I can really increase the functionality within a few days of just prototyping, and finding new ways, and new technologies to incorporate this. Now, with prosthetics, there’s an appearance issue. Some of you might want this really cool-looking, futuristic robotic arm as a limb, and others want something that looks, and feels, and looks just like a human arm skin-wise and everything. And that’s what 3D printing has allowed me to do, create really organic-looking objects, and fingers, and the whole shape, the whole basic shape of it all. So that makes it easy to put silicone skin around it, and that also decreases cost, because it requires less silicone, and also makes it look more human-like.

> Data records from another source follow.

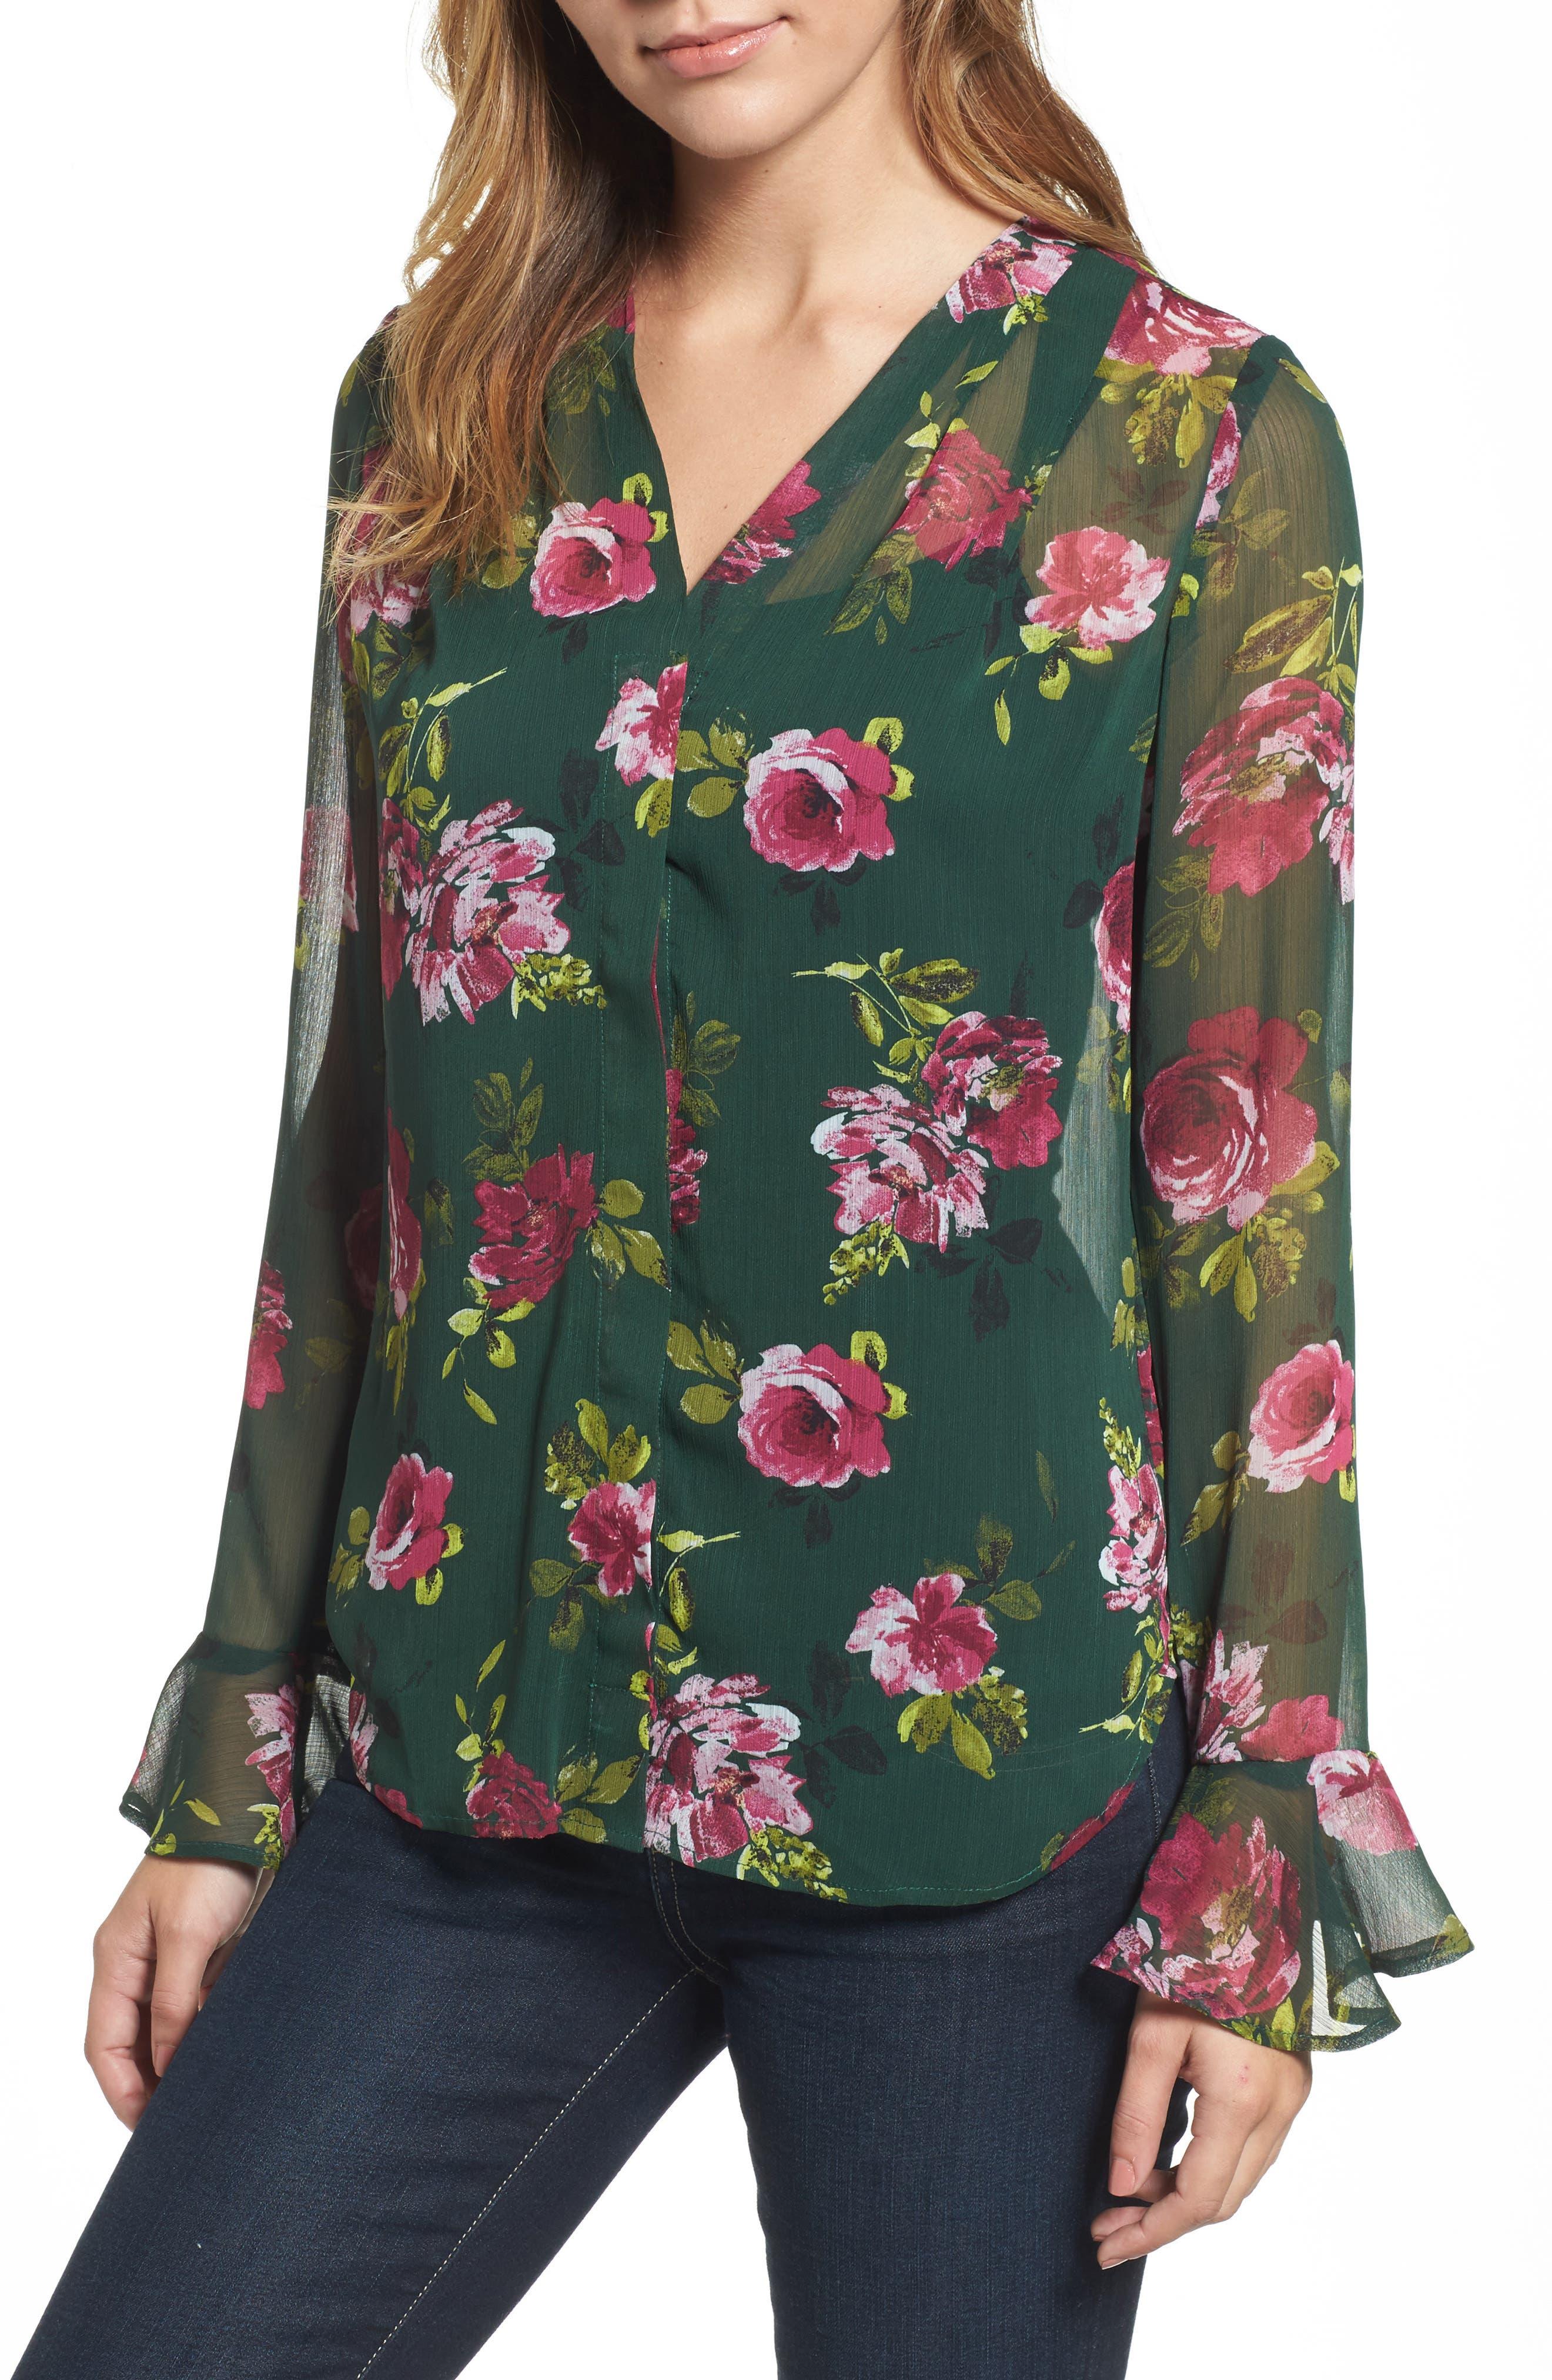 Silvy Floral Print Blouse,                         Main,                         color, 323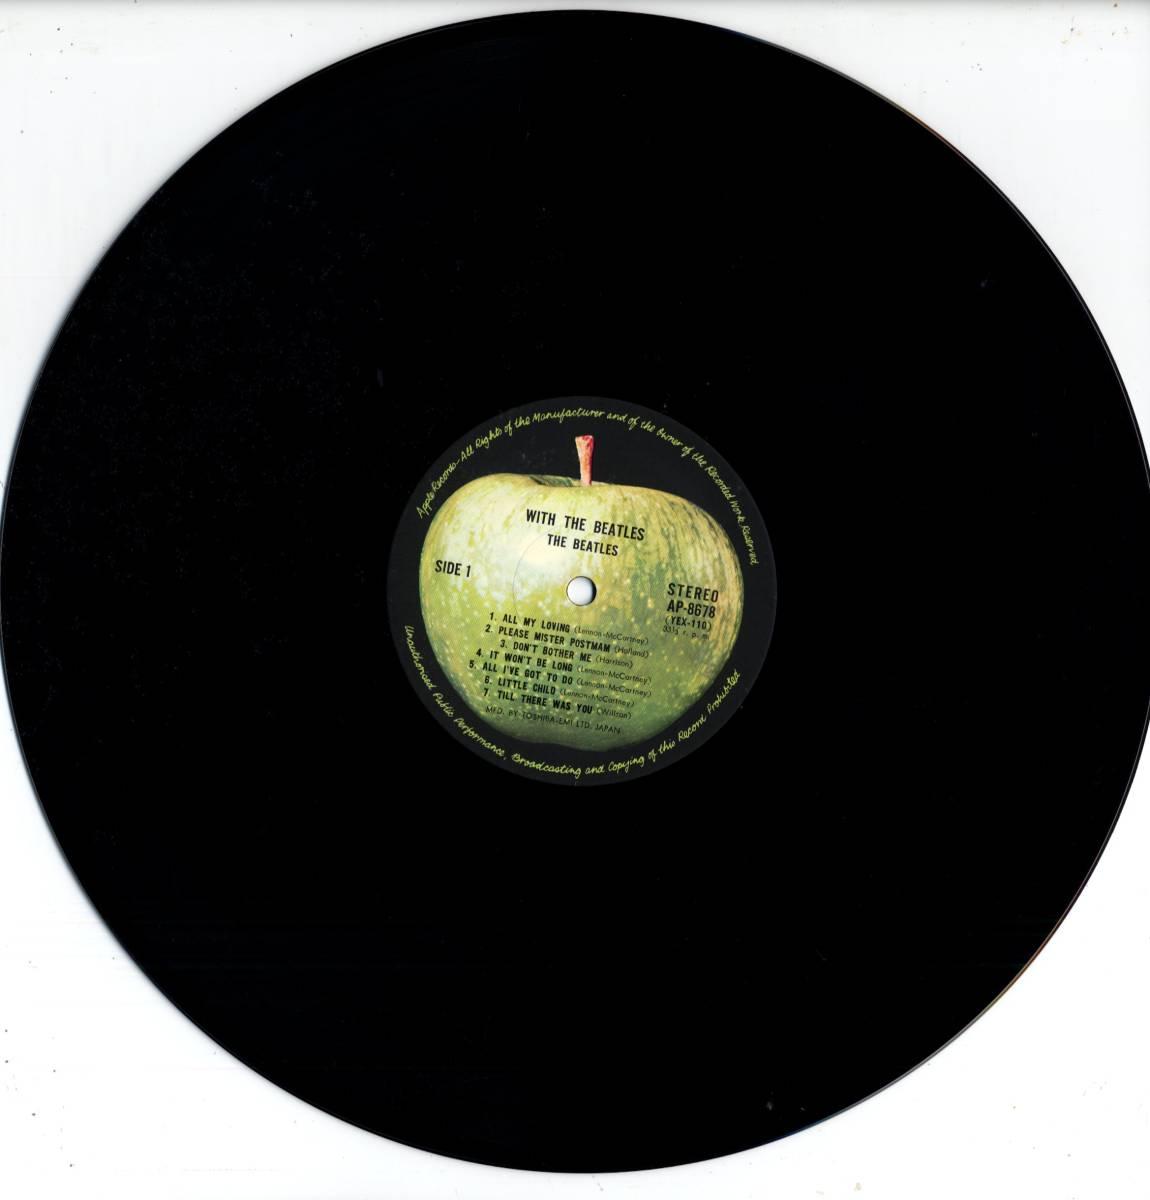 Beatles 「With The Beatles」国内盤アップルレーベル ダブルジャケット盤LPレコード  (AP-8678)_画像8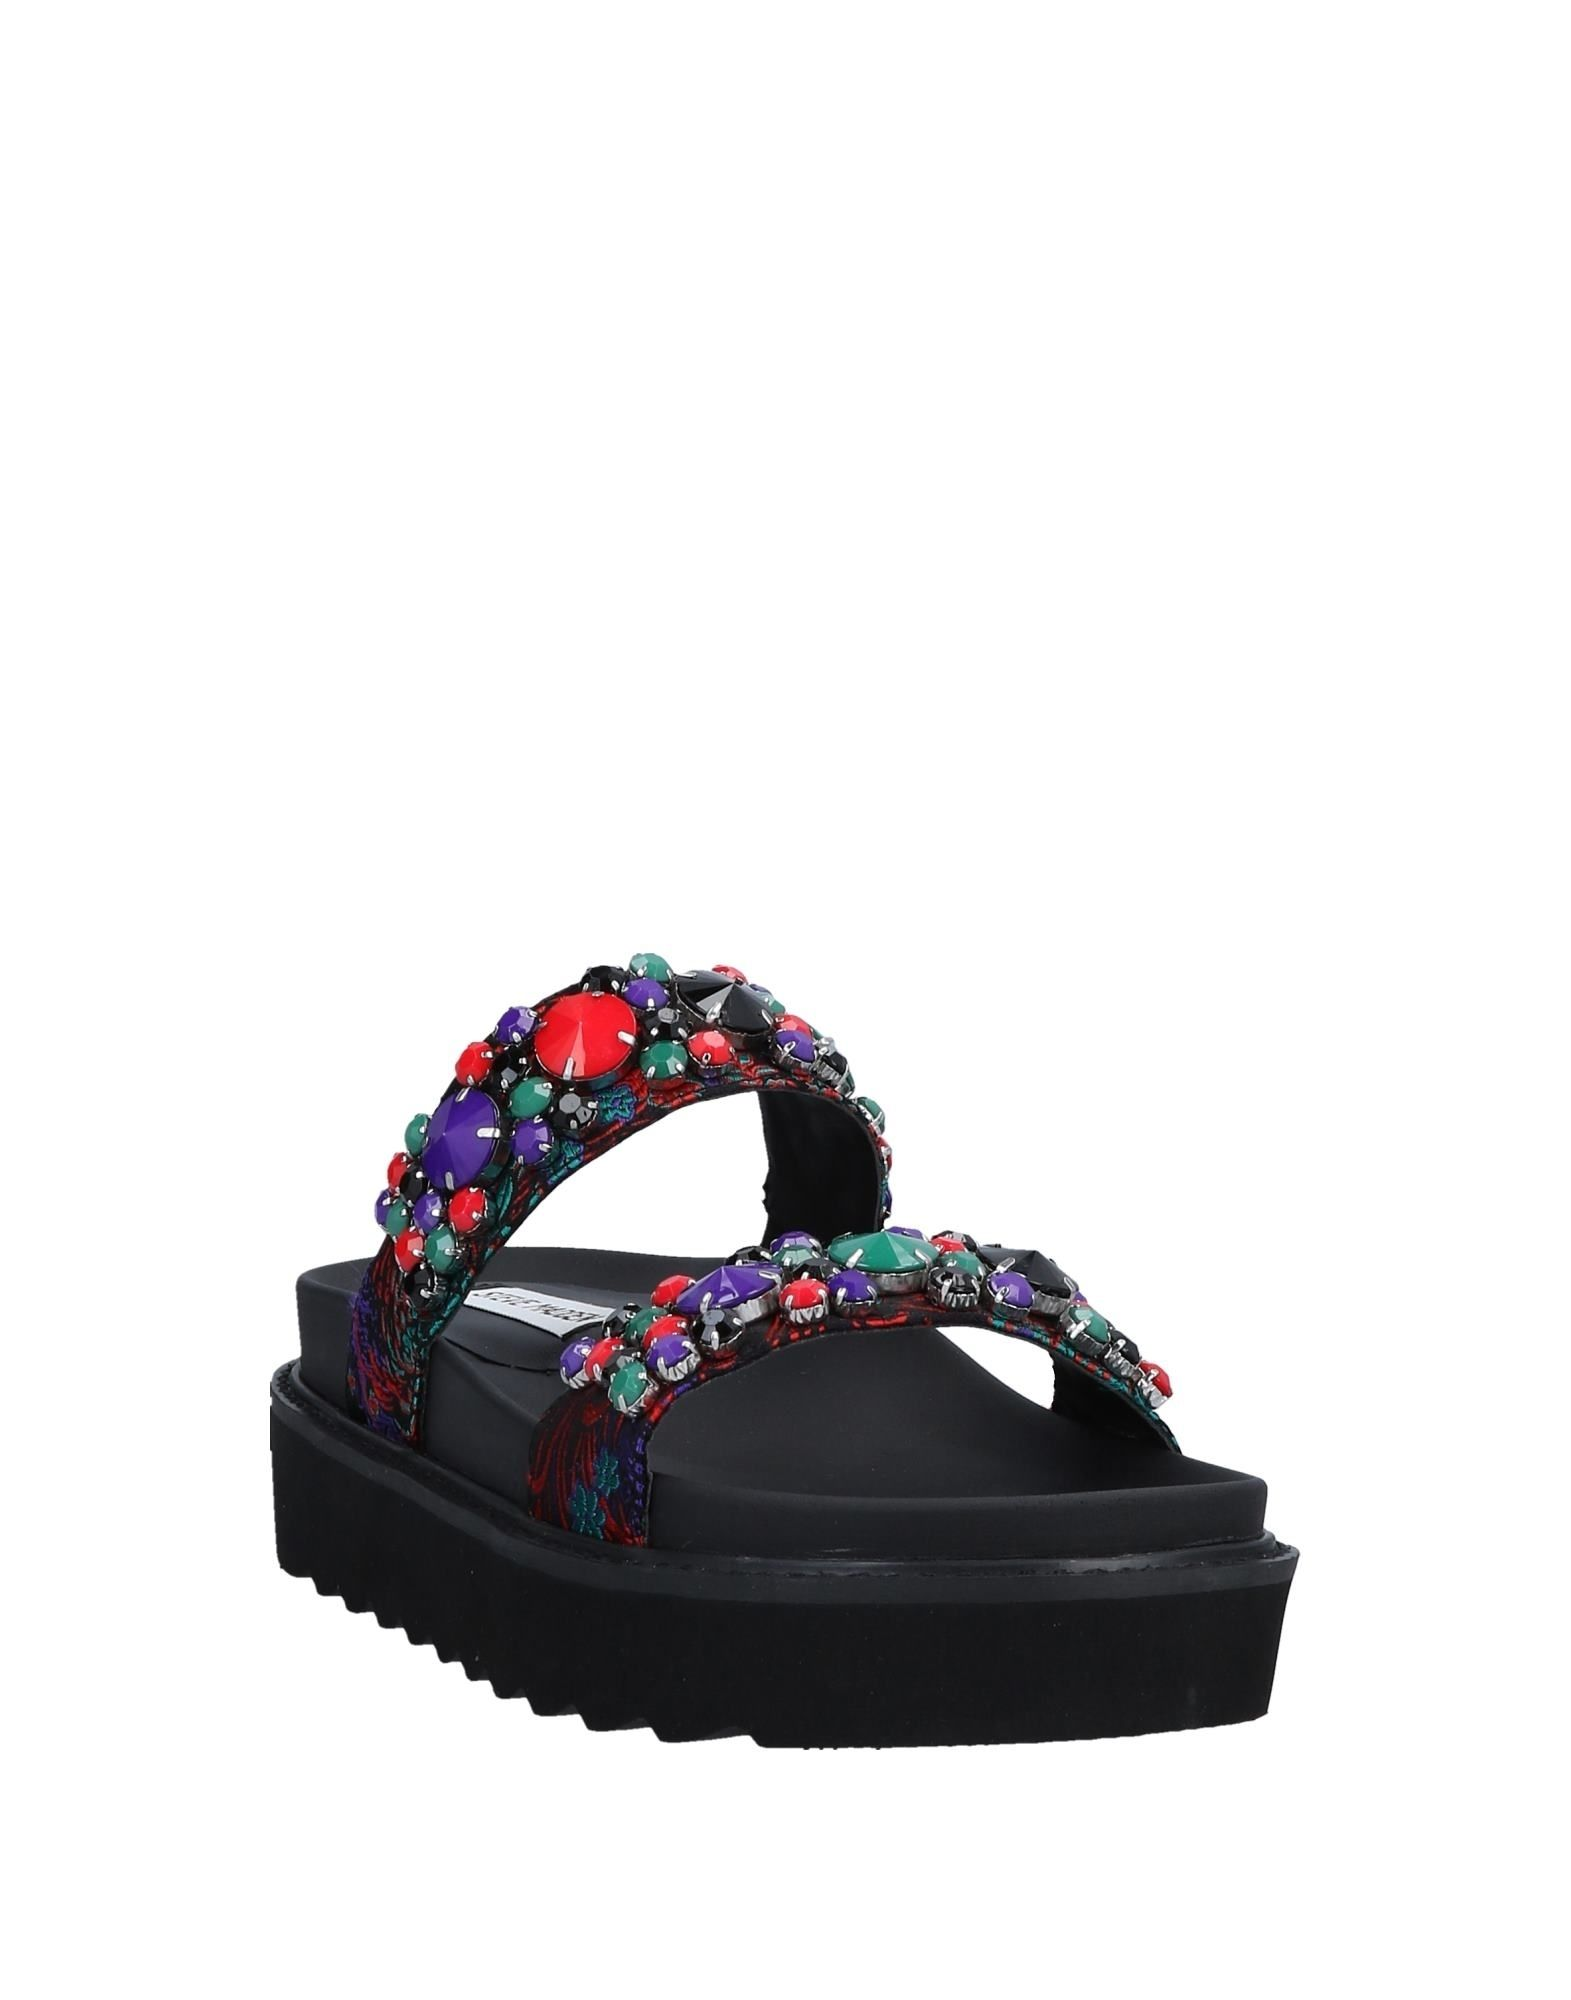 steve madden sandales - femmes steve madden sandales en - ligne le royaume - en uni - 11566757on 3be965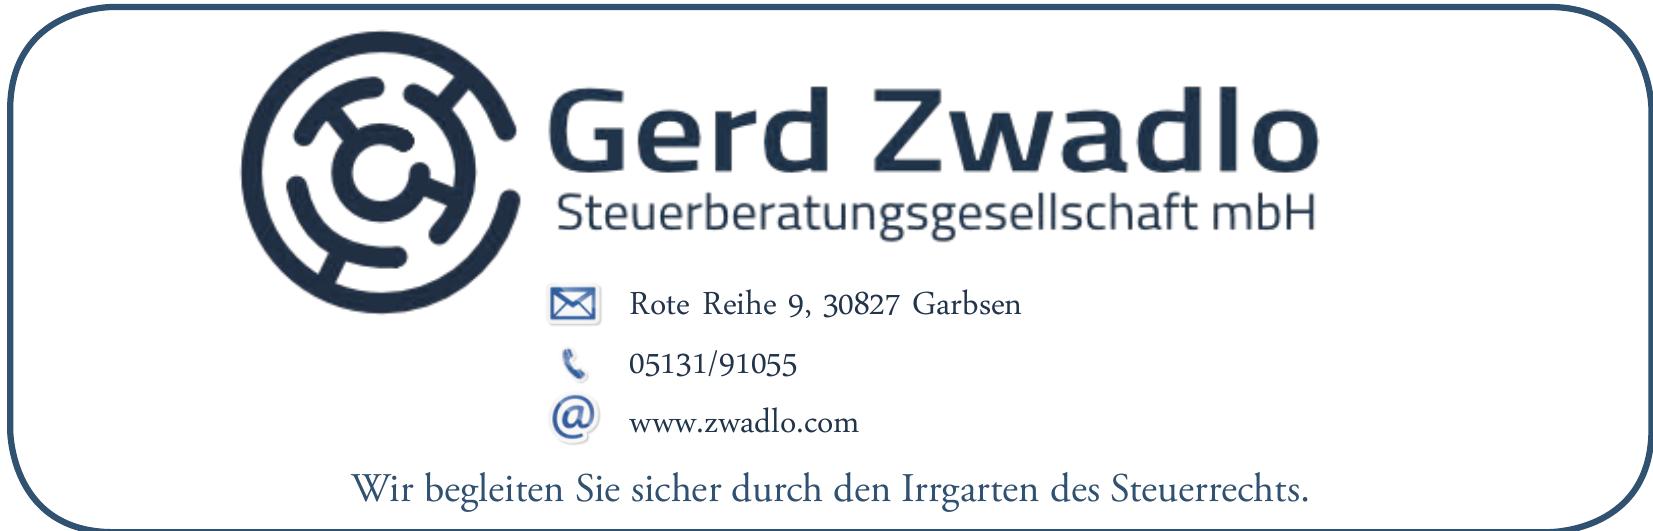 Gerd Zwadlo Steuerberatungsgesellschaft mbH

There were some innovations that I used within this 3D printing usually comes out within layers, it looks kind of choppy, and what I actually did was I heated acetone up to 110º C where it starts to vaporize. I collected that vapor, and I had it condense onto the 3D printed objects. That gives it a really clean, glossy finish. And it sounds very dangerous.
I actually did this in my bedroom with mason jars. Something about my bedroom– It’s already starting to change people’s lives. This is really becoming practical in the real world applications. Prosthetics is the main application for this, and there’s a lot that this can change. I’m already working on newer hands, which currently I have all the motors within a forearm.
I have a new design where all the motors were concealed within the palm of the hand, still the same size, and I get over twice the strength of what I have now, already that I can almost surpass human strength. Already I’m looking at over 50 pounds of torque per finger, which is extreme. Well, almost dangerous extreme. Actually, currently, I’m living in Houston working at NASA, I’m part of the Robonaut project. Transferring a lot of this technology to what they’re doing, and I’m not stopping there, I want to help people.
This has turned into something that started from boredom into something that could change people’s lives. Already I have plans to help the deaf hear, and I have a little side project, there’s this boy at my school that was in an accident, and he was paralyzed from the waist down, and there’s a 2% chance that he’ll walk again. My goal is to create an exoskeleton pair of legs for him so he can actually walk for graduation. My goal is to help people. Yes, it’s really turning into something that I never expected. I believe this is the future, and this is just the start of it, and what’s got me here is curiosity.
Curiosity is in every part of us, and it’s what makes the world go round, and that’s why we’re here today. So I challenge you to challenge the system, to look beyond all the boundaries, and to be curious. Thank you.